### REQUIRED ACTION
Set the listing down unchanged, minus every embedded image.

### MATERIAL PROVIDED
* * * *
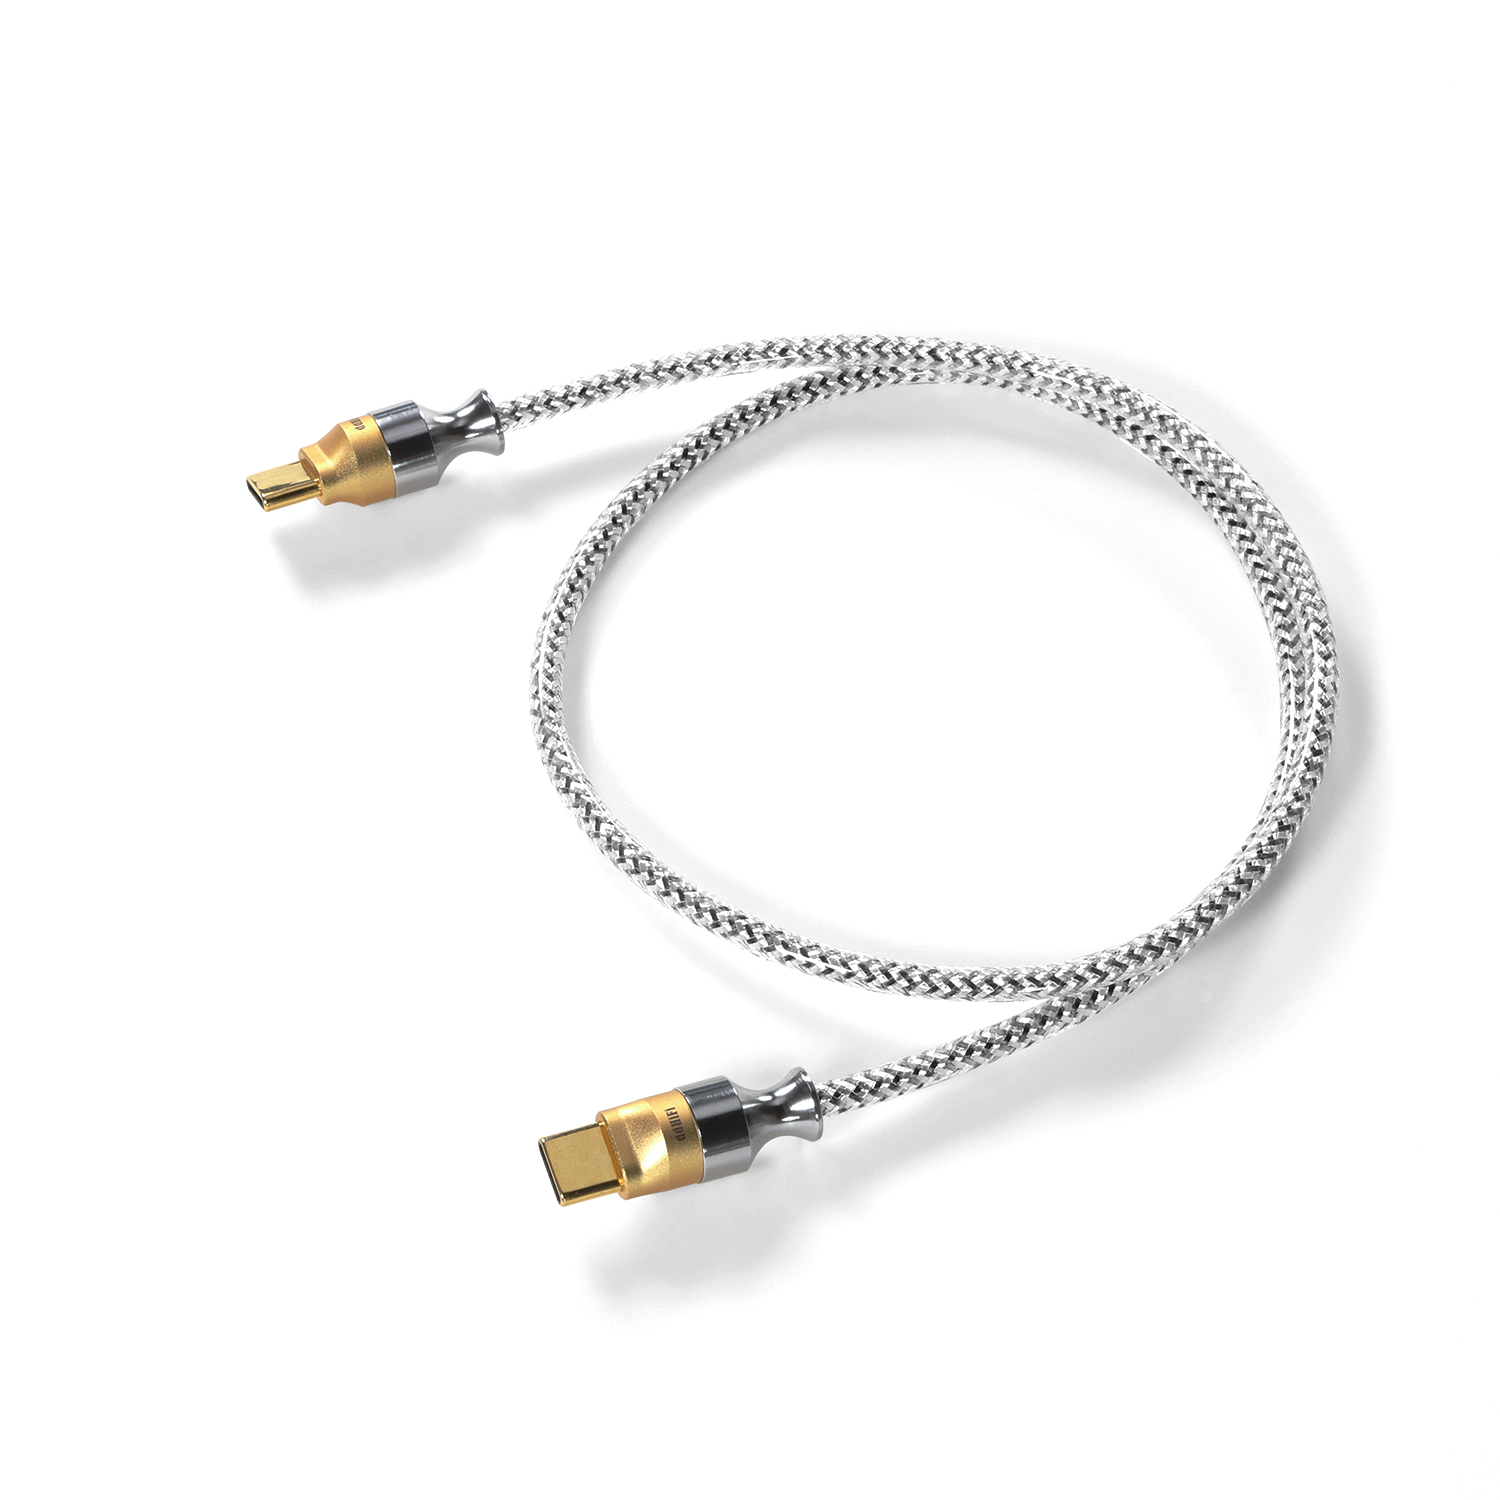 DD ddHiFi TC07S Nyx Series Silver TypeC HiFi Audiophile USB OTG Cable with Litz Silver Plated over LCOFC Shielding 10cm/ 50cm
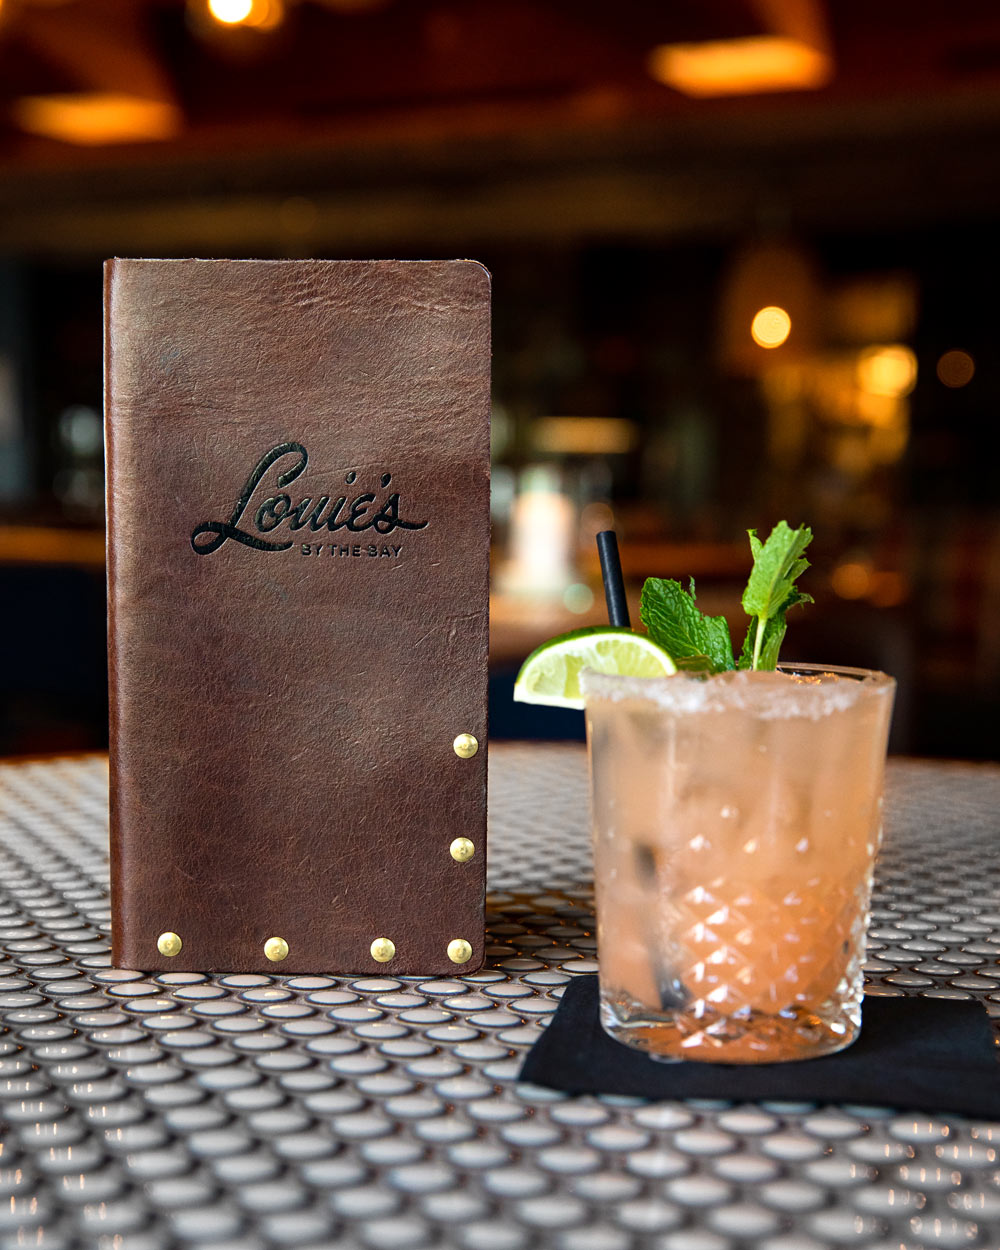 Leather Check Presenter with Louies By The Bay Restaurant Logo next to a mixed drink
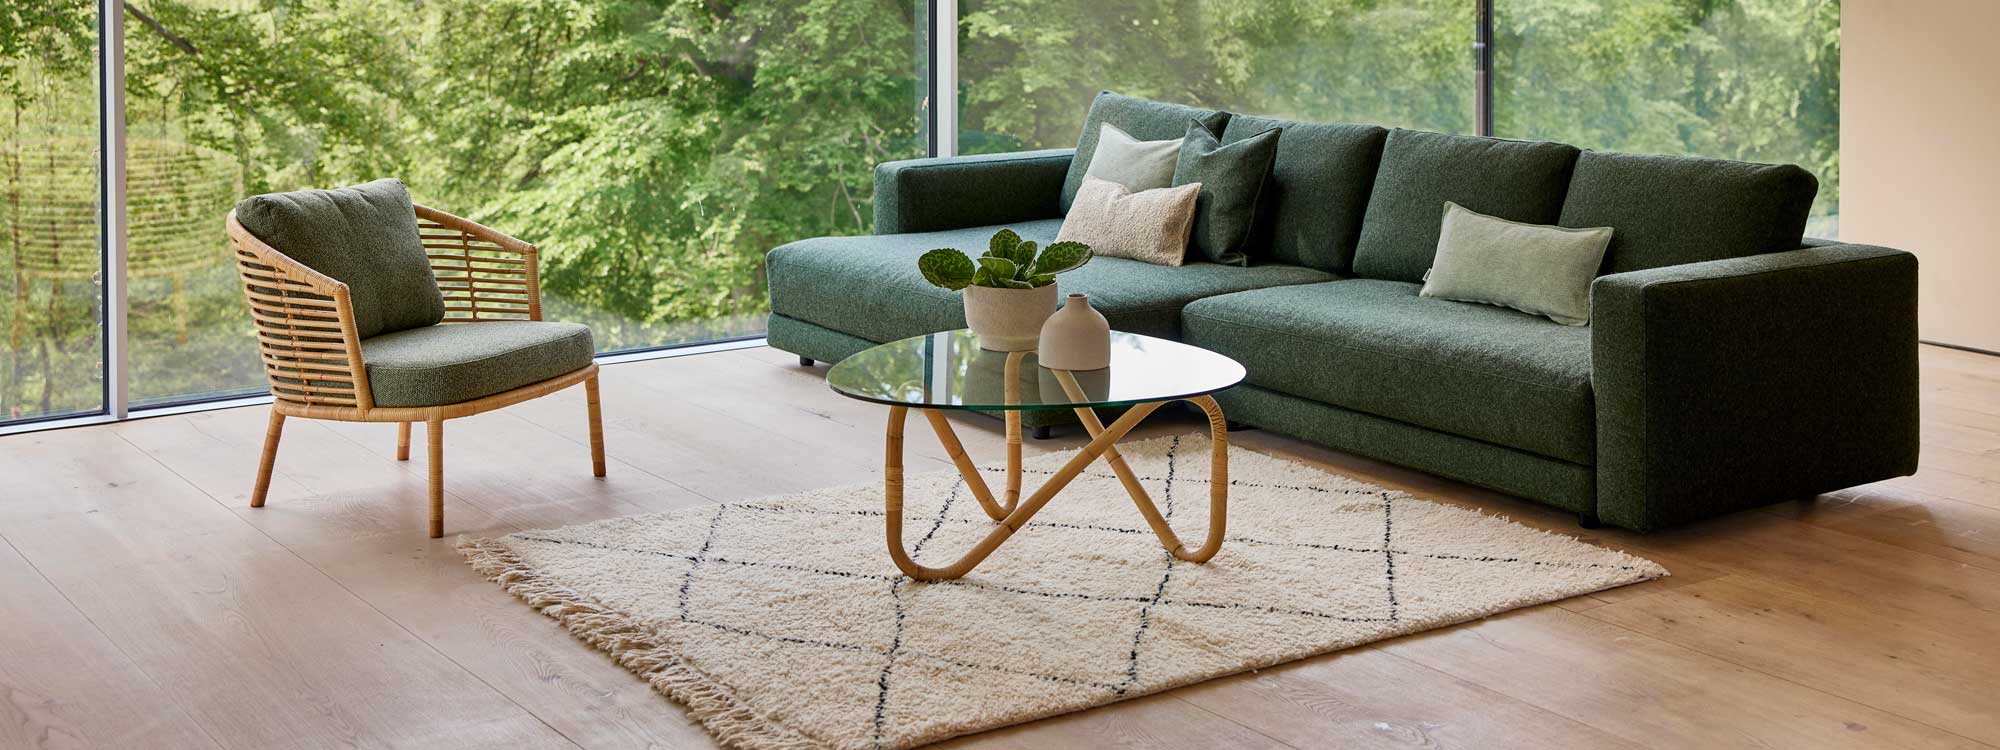 Image of Scale twin sofa and daybed in Dark-green Cane-line Zen fabric with Wave coffee table in front
* * * *
### SOLUTION TO THE PROBLEM
 DD ddHiFi TC07S Nyx Series Silver TypeC HiFi Audiophile USB OTG Cable with Litz Silver Plated over LCOFC Shielding 10cm/ 50cm
 Leather Check Presenter with Louies By The Bay Restaurant Logo next to a mixed drink
 Image of Scale twin sofa and daybed in Dark-green Cane-line Zen fabric with Wave coffee table in front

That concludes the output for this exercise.